Share your dilemmas and get honest opinions from other Mumsnetters.

To not allow random child to my destination wedding?

1000 replies

SmithyCakeJun · 19/04/2025 14:58

Getting married in Malta in 2 weeks time. Dream wedding in a gorgeous hotel where me and my fiancé had our first holiday. My family aren’t well off so we’ve been supporting some of them to come, so costs added up quickly. Overall, it’s only going to be a small wedding with close family, and 2 very close friends on each side present.

My best friend, I will call her Julia, has recently had a family situation arise and has taken temporary foster care of her niece Louise, who is 13. Louise has had a huge trauma and has been drinking (very badly to the point of hospitalisation and Julia had to get rid of all alcohol in the house in order to take in Louise) and self-harming. She was taken in by Julia after a suicide attempt which involved drinking and a paracetamol overdose.
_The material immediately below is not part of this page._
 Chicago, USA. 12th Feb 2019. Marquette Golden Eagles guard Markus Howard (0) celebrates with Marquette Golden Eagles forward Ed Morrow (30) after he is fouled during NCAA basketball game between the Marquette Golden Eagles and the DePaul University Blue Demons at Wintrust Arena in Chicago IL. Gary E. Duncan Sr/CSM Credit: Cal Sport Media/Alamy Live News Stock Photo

Julia has today text me saying “I assume it’s okay that I bring Louise? She will stay in my twin room and I don’t mind paying for the flights and her meals. I think the holiday will really do her good x”

I don’t really want a random girl at my wedding. I’m sympathetic to her situation but there’s literally going to be about 12 people there. Louise is nothing to do with me. We will have booze available at the wedding in the style of an all-inclusive buffet where you get your glass and fill-up yourself at the machine. Julia is lovely but likes a drink and I can see her having a few and not supervising Louise properly. I don’t want my wedding interrupted by Louise becoming drunk and I don’t want to deal with the anxiety of this girl’s presence when I’m trying to enjoy my wedding reception. Louise has also been separated from a toddler sister and is very devastated about this, there will be a toddler girl present at the wedding on the same dinner table that Julia and Louise would be sitting and I’m concerned this is going to upset her.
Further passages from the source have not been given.